A Cross-Species Proteomic Investigation of Atrial Fibrillation: Insights from Equine and Human Hearts

Background: Horses and humans are among the few mammals prone to developing spontaneous atrial fibrillation (AF), both suffering from high recurrence rates after treatment. Treatment resistance is often attributed to functional, structural, and metabolic remodeling of the atria. The aim of this explorative study was to evaluate the molecular pathways associated with early stages of AF in horses and to compare the AF proteomes between horses and humans. Methods: We performed data-independent acquisition mass spectrometry on myocardial biopsies collected from the right atrium (RA), left atrium (LA), and left ventricular chamber (LV) in horses with early stages of naturally occurring persistent AF and controls (n=8 in each group). Results: We identified a total of 3400 quantifiable proteins, several of which were differentially regulated between AF horses and controls (268 in RA, 324 in LA, and 284 in LV, p<0.05). Pathway enrichment analyses identified changes in metabolic, contractile, and extracellular matrix (ECM) proteins. Atrial hypocontractility and ECM remodeling were confirmed by echocardiography and histology, respectively. Key proteomic changes in horses with AF overlapped with human AF public datasets, underscoring the translational relevance of the equine AF model. Particularly, contractile proteins, such as cardiac troponins (TNNT2), myosin (MYH6) and tropomyosin (TPM2), along with metabolic regulators as heat shock protein family A (HSPA4) and Proteasome 26S Subunit, Non-ATPase 13 (PSMD13) were shared between horses and humans with AF. Moreover, a significant increase in several ECM glycoproteins was detected in both species, highlighting the importance of early ECM remodeling that extends beyond the fibrotic changes often associated with AF. Conclusion: The horse and human cardiac proteome share similar AF-related changes. Metabolic, functional, and structural protein changes identified in early-stage AF may provide clues to pharmacological targets for preventing AF-associated atrial remodeling and improving treatment success across species.

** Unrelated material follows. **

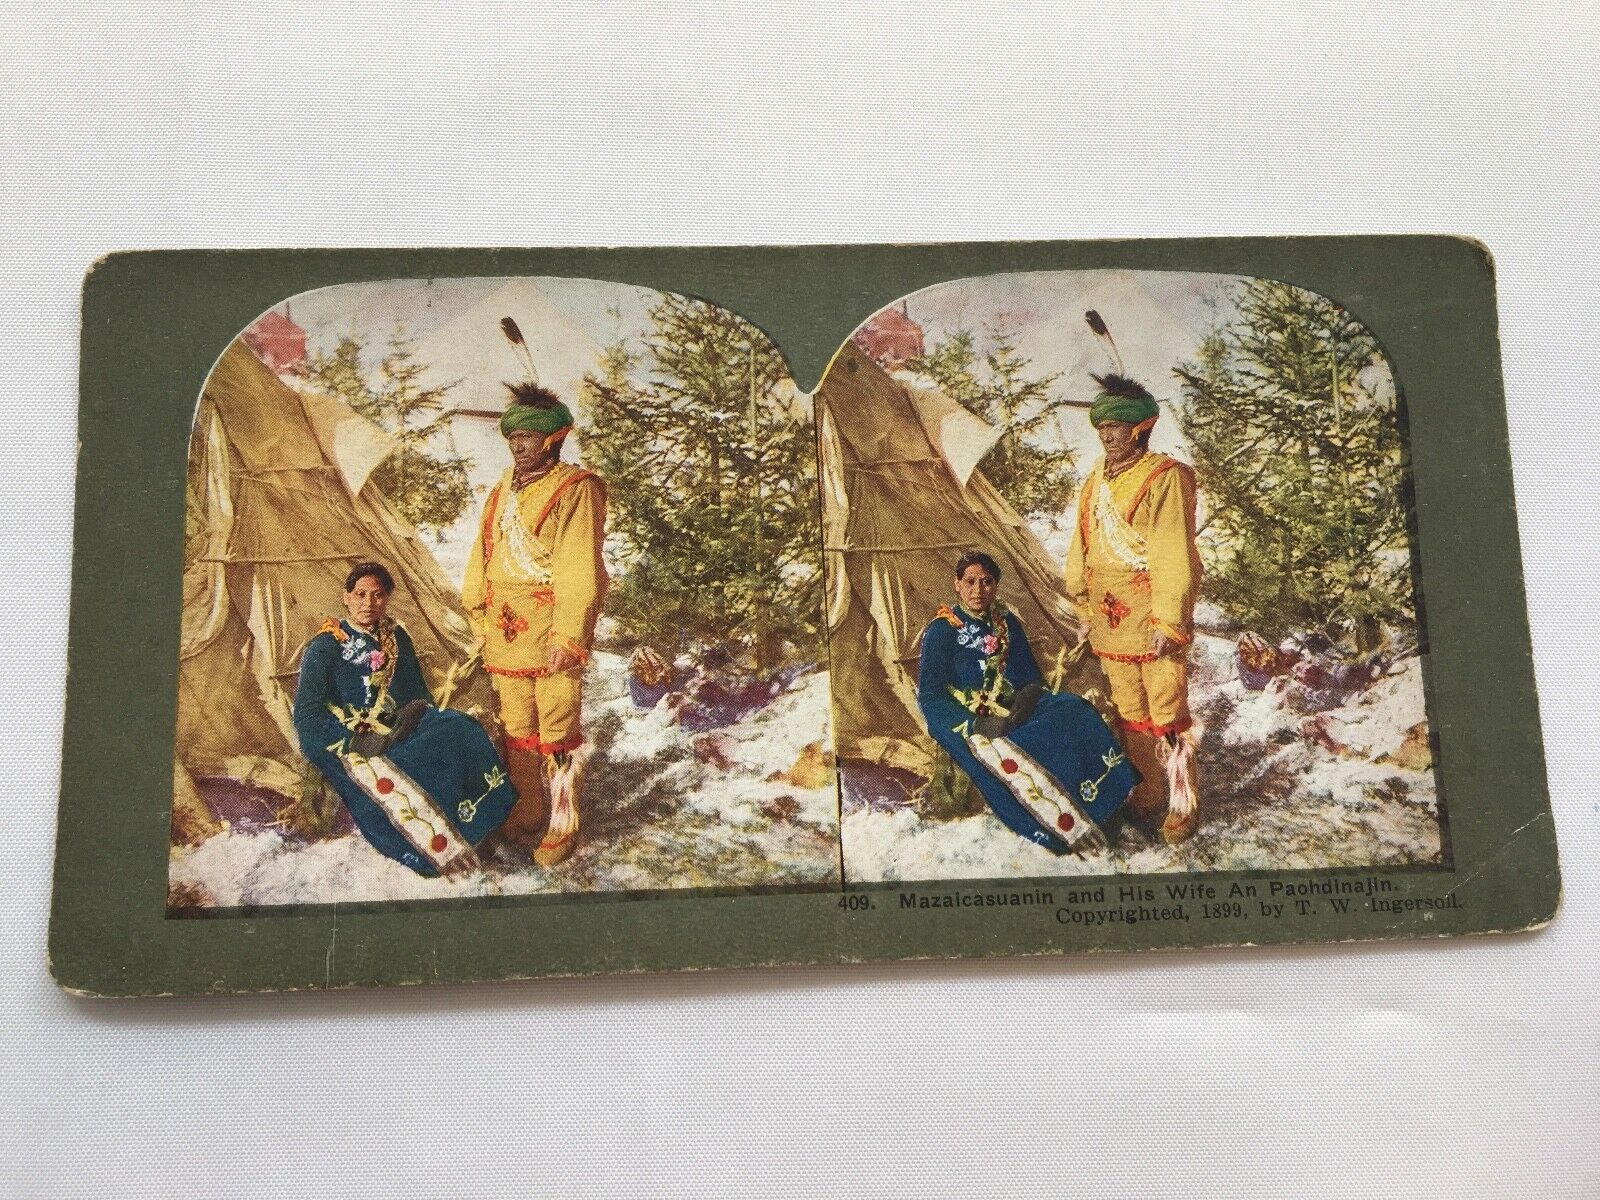 Mazaicasuanin and His Wife An Paohdinajin Color Stereoview Card: Ingersoll # 409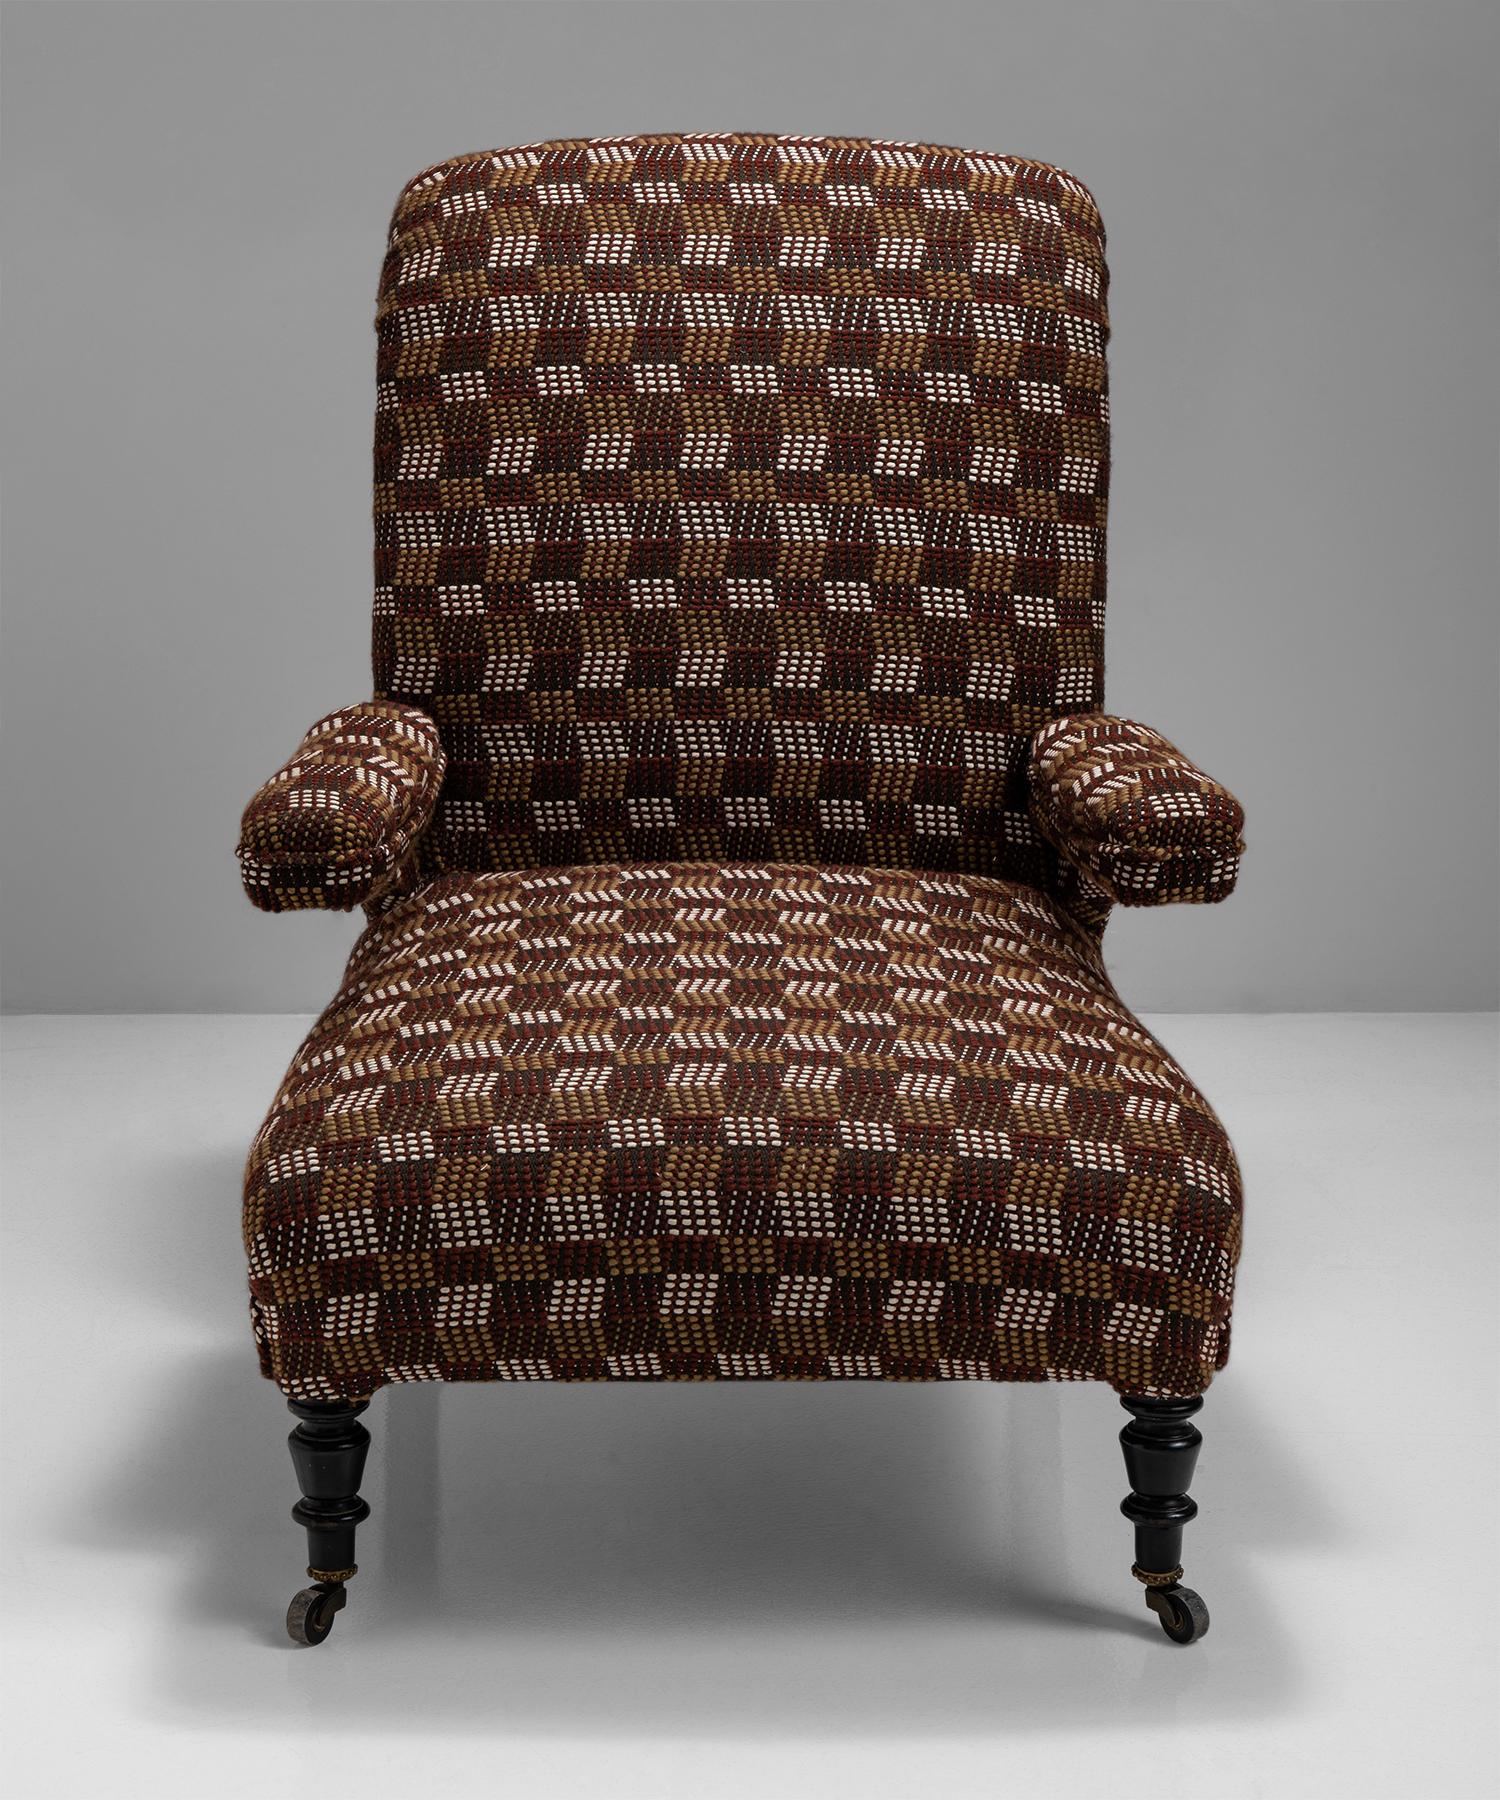 French Pair of Scroll Back Armchairs in Wool Blend from Pierre Frey, France, Circa 1890

背景：马与人类是少数可自发罹患心房颤动（atrial fibrillation, AF）的哺乳动物，二者在接受治疗后均存在较高的复发率。治疗抵抗常被归因于心房的功能、结构与代谢重塑。本项探索性研究旨在评估马类早期心房颤动相关的分子通路，并对比马与人类的心房颤动蛋白质组（proteome）特征。方法：我们对罹患早期自发性持续性心房颤动的马类及对照组（每组各8例）采集的右心房（right atrium, RA）、左心房（left atrium, LA）与左心室腔（left ventricular chamber, LV）心肌活检样本，开展了数据非依赖采集质谱（data-independent acquisition mass spectrometry）分析。结果：本研究共鉴定出3400种可定量蛋白质，其中心房颤动马类与对照组间存在差异表达的蛋白质共268种（右心房）、324种（左心房）及284种（左心室腔），差异均具有统计学意义（p<0.05）。通路富集分析显示，代谢、收缩及细胞外基质（extracellular matrix, ECM）相关蛋白质存在表达变化。超声心动图与组织病理学检测分别验证了心房收缩功能减退与细胞外基质重塑现象。心房颤动马类的核心蛋白质组变化与人类心房颤动公共数据集存在重叠，凸显了马类心房颤动模型的转化研究价值。具体而言，收缩相关蛋白质（如心肌肌钙蛋白TNNT2、肌球蛋白MYH6与原肌球蛋白TPM2），以及代谢调节因子如热休克蛋白家族A（HSPA4）与26S蛋白酶体非ATP酶亚基13（PSMD13），在心房颤动马类与人类中均存在共通的表达改变。此外，两类物种中均检测到多种细胞外基质糖蛋白的显著上调，这凸显了早期细胞外基质重塑的重要性——该过程远超心房颤动常伴随的纤维化改变范畴。结论：马类与人类的心脏蛋白质组存在相似的心房颤动相关表达变化。早期心房颤动中鉴定出的代谢、功能及结构蛋白质变化，可为跨物种预防心房颤动相关心房重塑、提升治疗成功率的药理学靶点开发提供思路。